In the records below, find the line with "Argentina face Peru" and the line with "DAREDEVIL #1 - The Comic Construct". Print both exactly, along with every line between them, and no other line.

#### [Material for this task]
◇ ◇ ◇

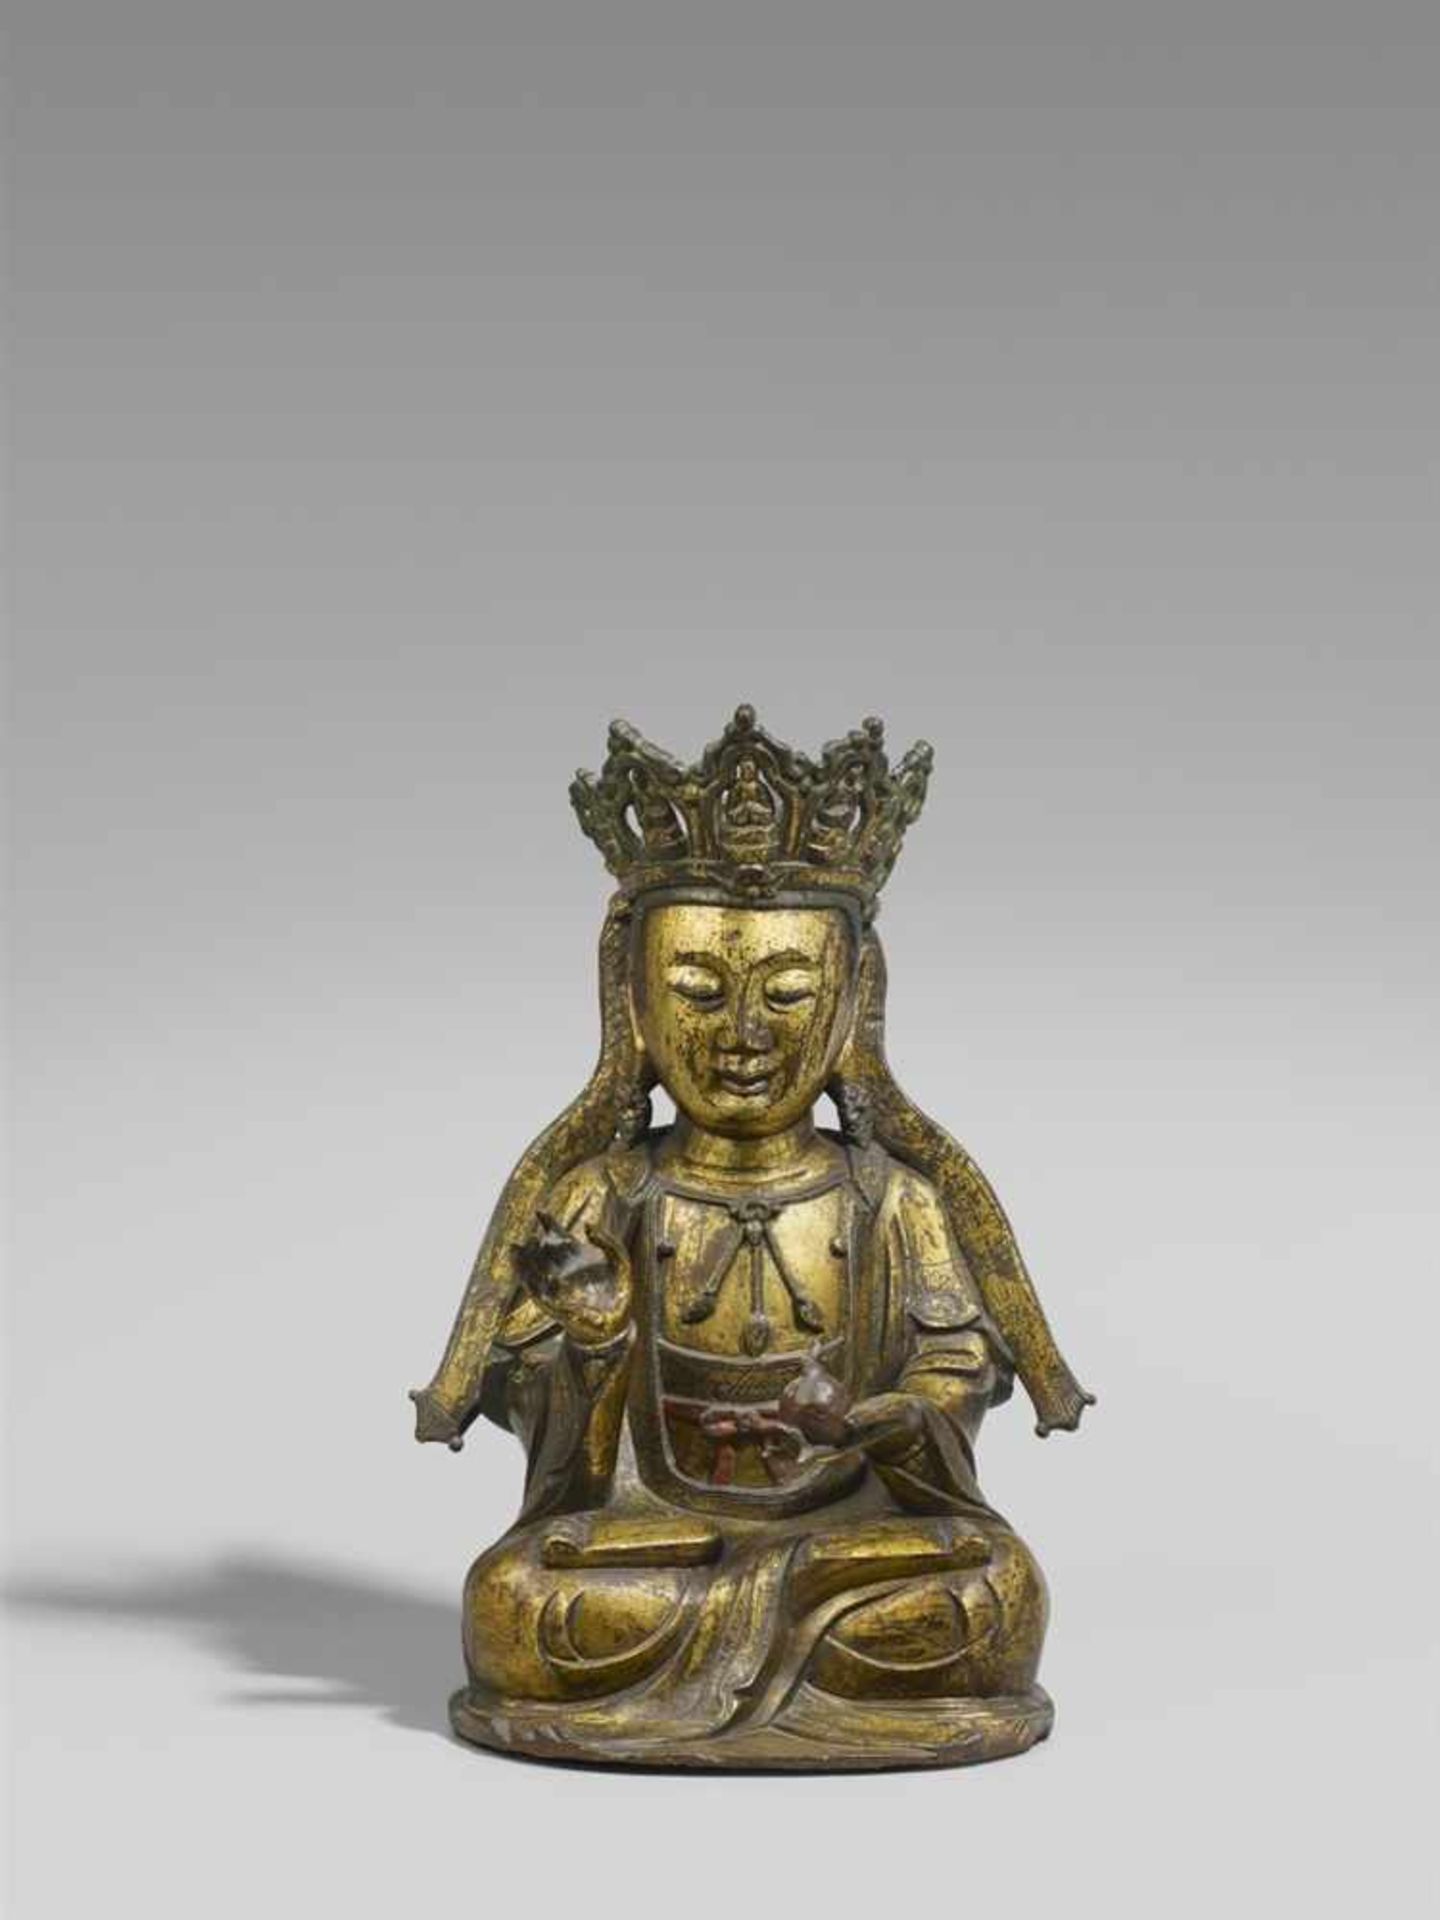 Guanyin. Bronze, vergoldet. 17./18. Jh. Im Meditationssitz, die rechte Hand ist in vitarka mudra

◇ ◇ ◇

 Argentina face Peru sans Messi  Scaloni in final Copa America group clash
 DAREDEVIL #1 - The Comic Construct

◇ ◇ ◇

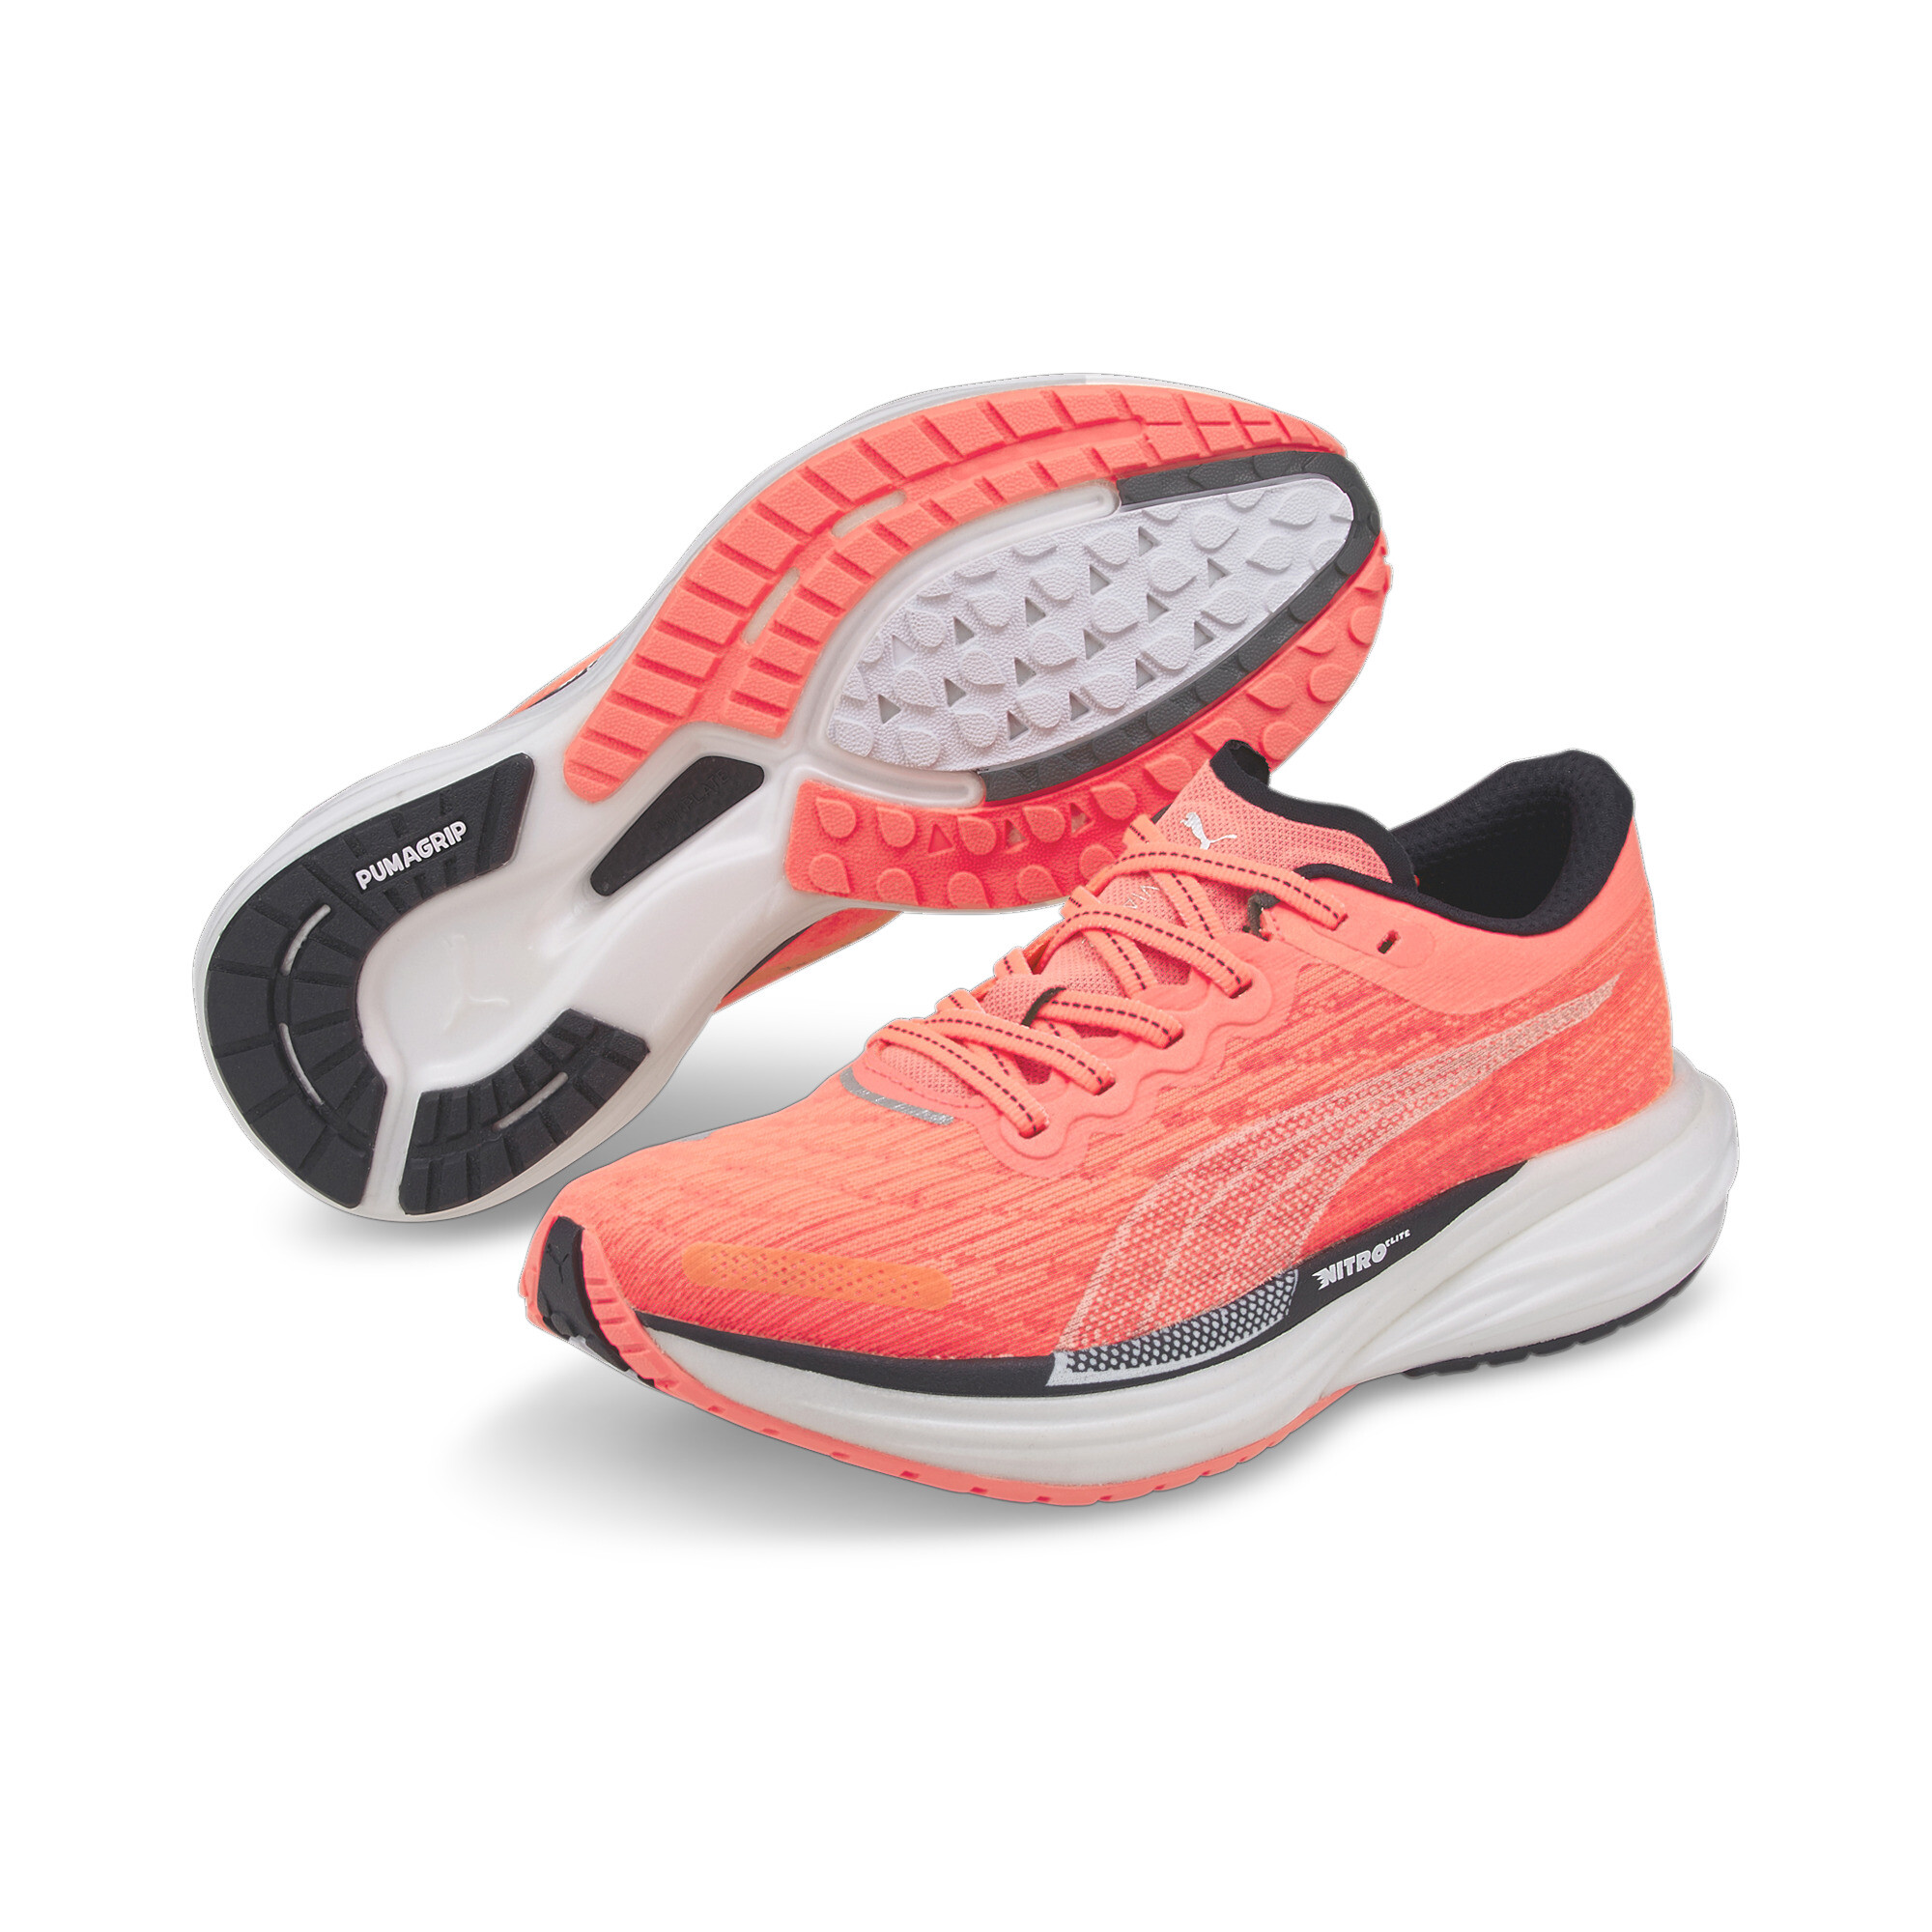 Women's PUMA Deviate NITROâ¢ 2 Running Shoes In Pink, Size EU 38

◇ ◇ ◇

#### [Reply]
 Argentina face Peru sans Messi  Scaloni in final Copa America group clash
 DAREDEVIL #1 - The Comic Construct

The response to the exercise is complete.